Мистер Венус воззрился на своего ближнего и компаньона недоверчивым оком и сухо ответил:
— В самом деле, важная новость, мистер Вегг! Нечего и отрицать. Но все же хотелось бы, чтобы вы мне об этом сказали до того, как вы напугались нынче вечером, а еще хотелось бы, чтоб вы спросили меня, как своего компаньона, как нам поступить, прежде чем вам вздумалось брать на себя такую ответственность.

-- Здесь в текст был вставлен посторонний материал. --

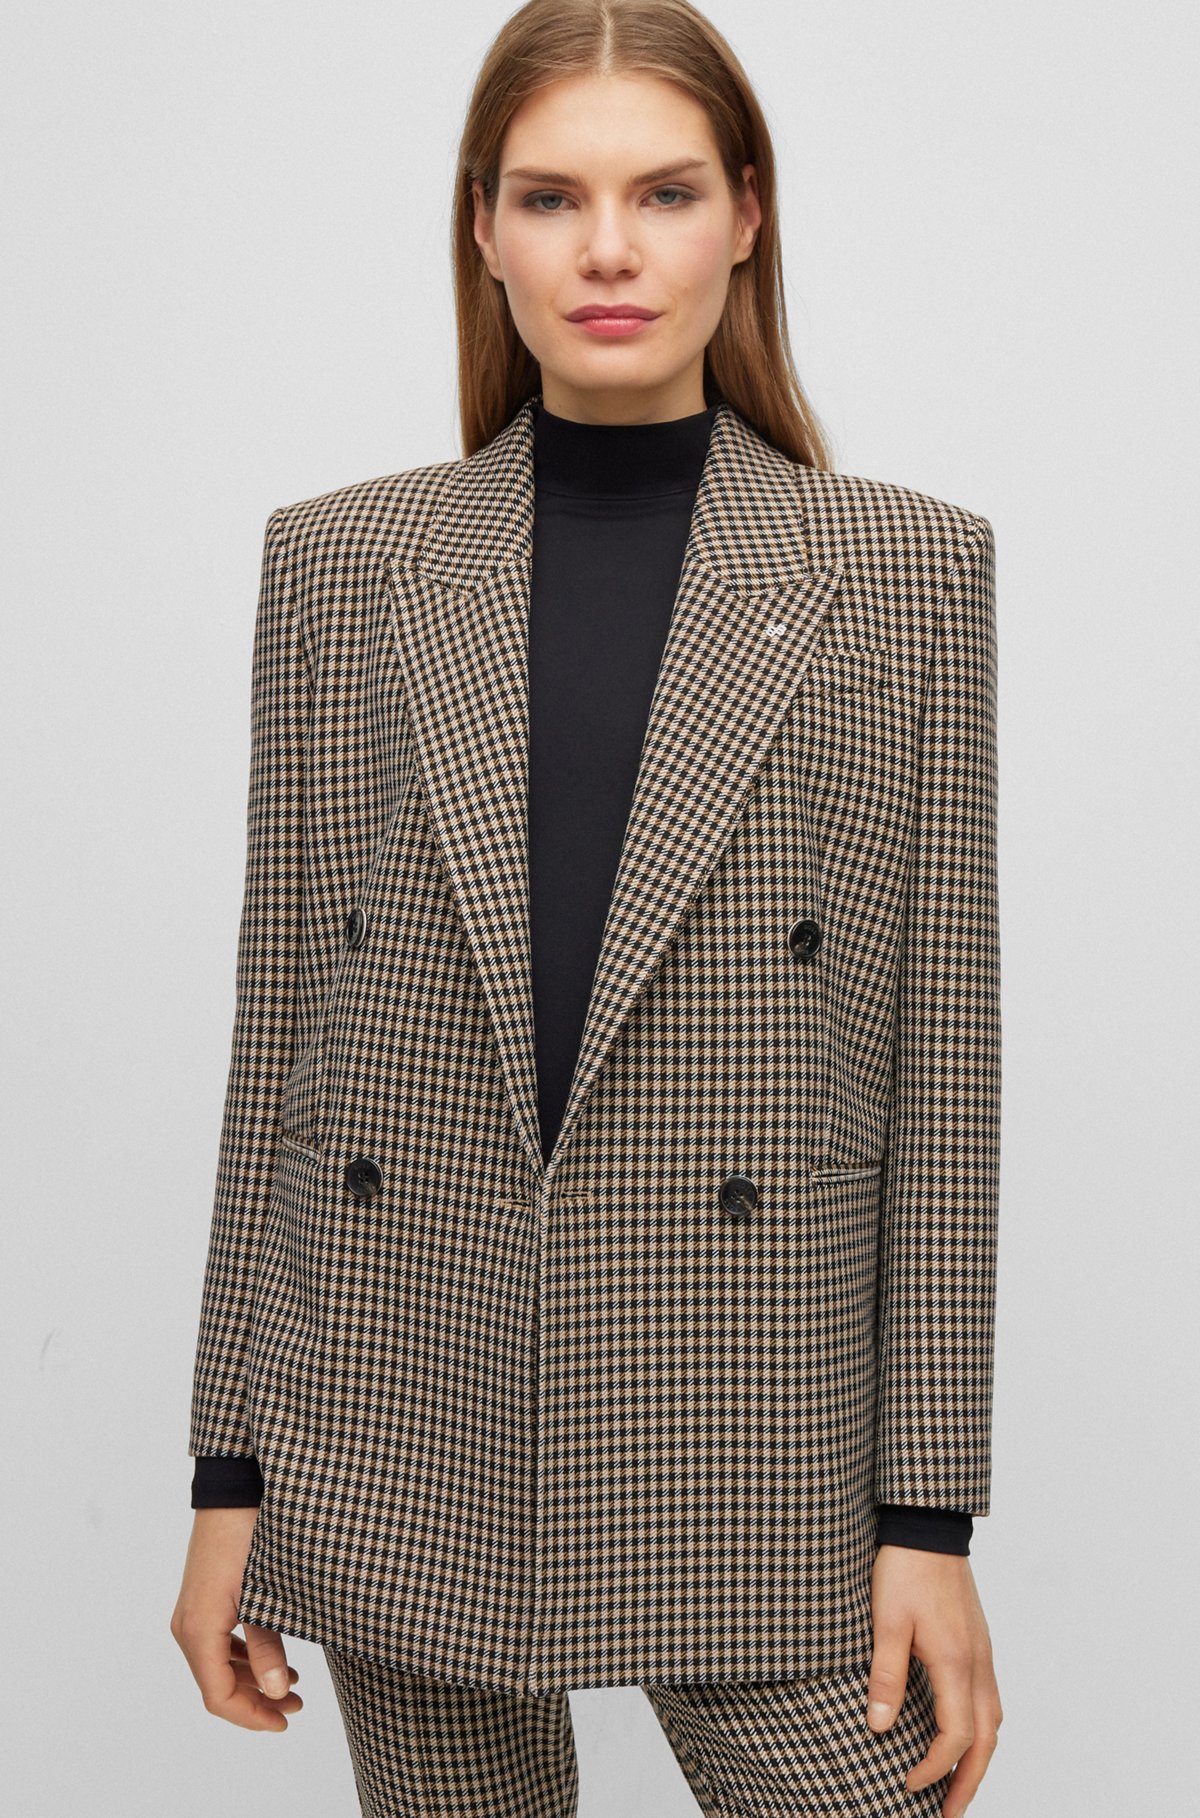 BOSS - Double-breasted relaxed-fit jacket in houndstooth stretch cloth

— Выслушайте меня! — воскликнул Вегг. — Я так и знал, что вы это скажете. Но вся забота была на мне одном, пускай и вся вина будет тоже на мне одном! — Это было сказано как нельзя более великодушно.
— Ну, — сказал Венус. — Давайте посмотрим это завещание и эту копилку.
— Так ли я вас понял, брат, — переспросил Вегг весьма и весьма неохотно, — что вы желаете видеть это завещание и эту…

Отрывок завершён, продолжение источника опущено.